Importing data from external sources

RushDB provides comprehensive toolkit to import data. While most of the data sources operate with flat tabular data and context awareness emerges at query time, in RushDB instead relationships are static because of graph nature.

This guide will help you to import your data and make it breathe: relationships, types inferring and records itself are created easily.

What you'll use:

  • records.createMany (JSON and CSV import)
  • relationships.createMany (bulk linking by key match)

Tip: You can do the same via REST. See REST docs: Records Import and Relationships API.

Most external systems already have stable identifiers (MongoDB's ObjectId, HubSpot record IDs, SQL primary/foreign keys). When importing to RushDB, store those external IDs on your records (e.g., mongoId, hubspotId, pgId).

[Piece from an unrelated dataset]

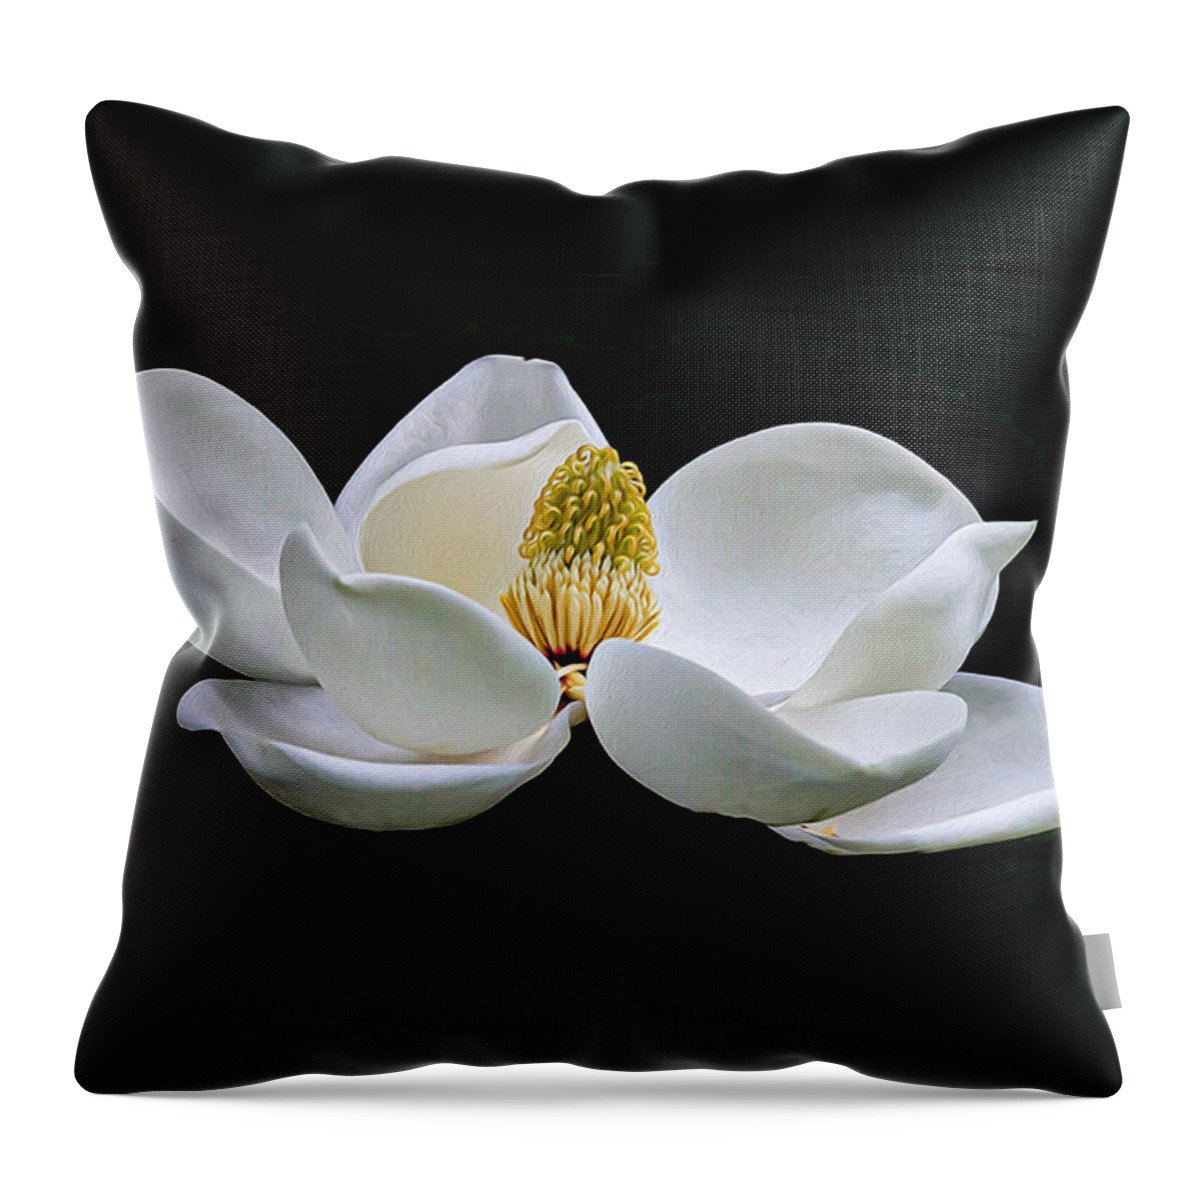 Magnolia Blossom Throw Pillow featuring the photograph Magnolia Blossom 01 OP by Jim Dollar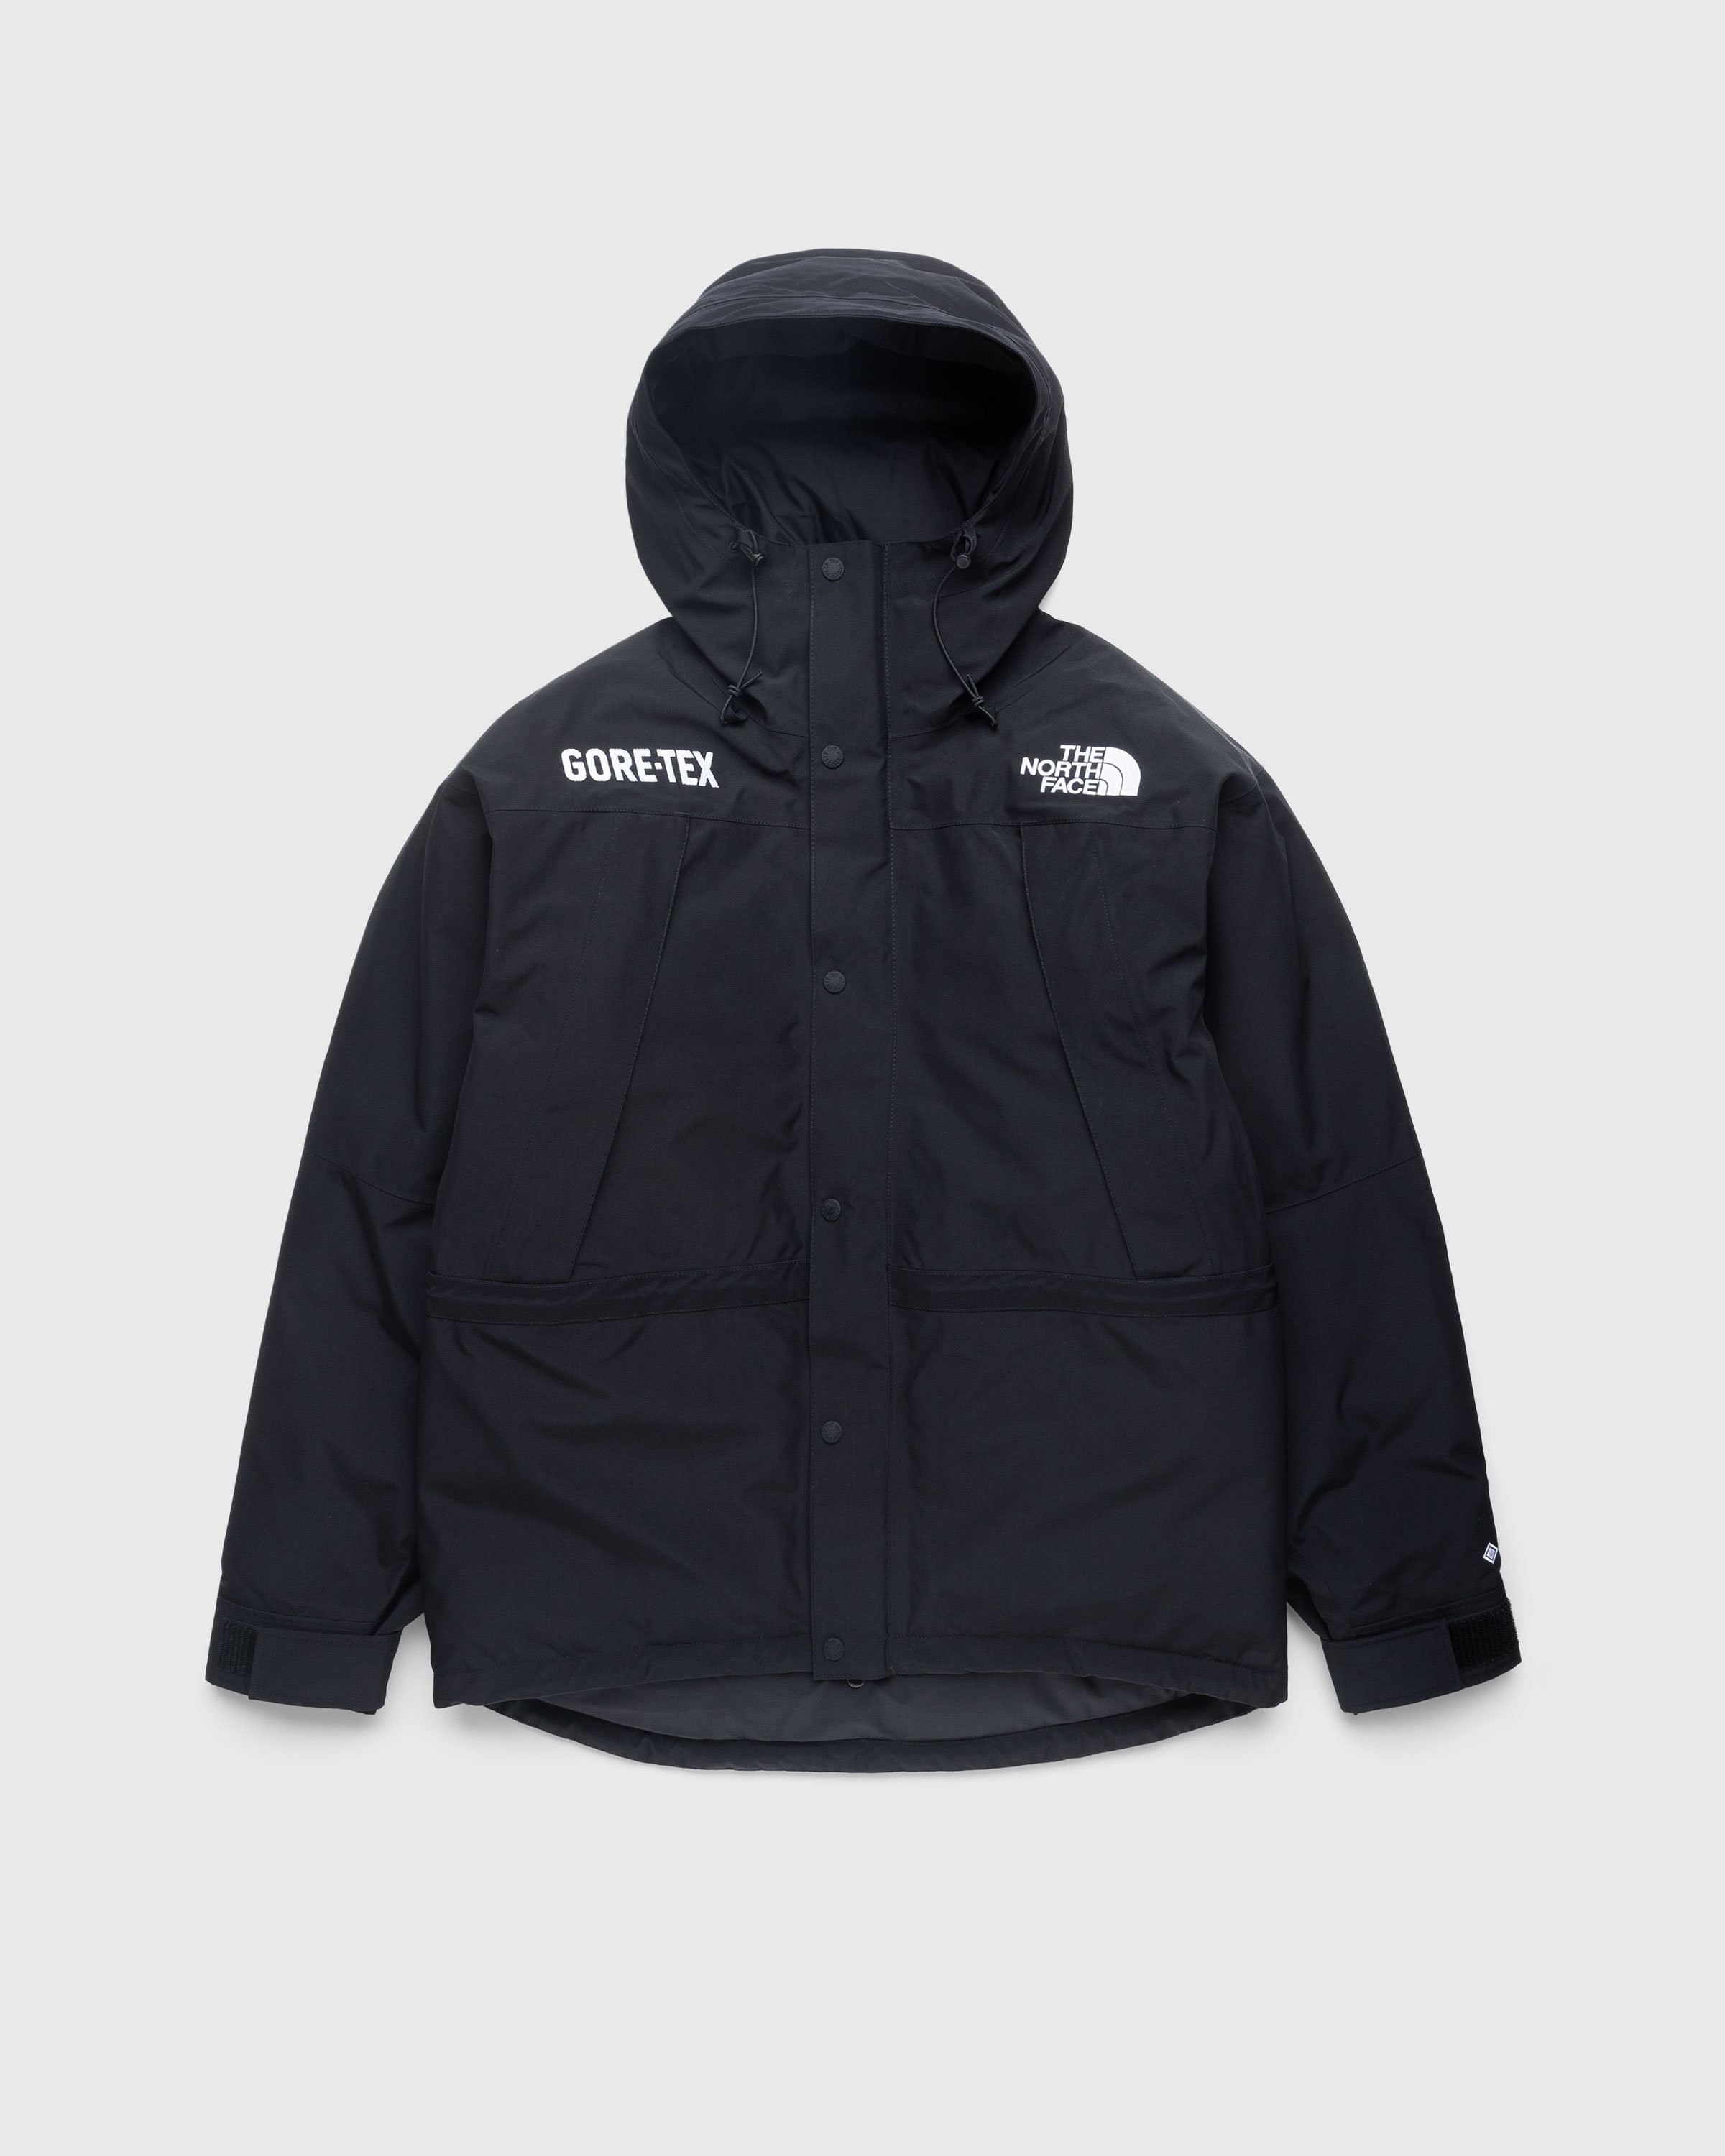 The North Face – GORE-TEX Mountain Guide Insulated Jacket Black

Then create relationships by matching those keys using relationships.createMany:

  1. Import data (keep external IDs as properties).
  2. Create relationships by joining source[key] = target[key].

Safeguards and notes

  • You control the relationship type and direction (default direction is out).
  • For key-based creation, provide both source.key and target.key.
  • Only use manyToMany when you explicitly want a cartesian link across filtered sets.

1) MongoDB → RushDB

Goal: Import MongoDB collections (e.g., users, orders) and connect them using Mongo's ObjectId values.

Recommended mapping

  • Persist the original _id as a string field on the RushDB record: mongoId.
  • For references (e.g., orders.userId), persist as userMongoId so you can join users.mongoId = orders.userMongoId.

Example

from pymongo import MongoClient
from bson import ObjectId
from rushdb import RushDB
import os

db = RushDB(os.environ["RUSHDB_API_KEY"])
mongo = MongoClient(os.environ["MONGO_URI"])
mdb = mongo["acme"]

# 1) Extract from Mongo
users = list(mdb["users"].find({"tenantId": "ACME"}))
orders = list(mdb["orders"].find({"tenantId": "ACME"}))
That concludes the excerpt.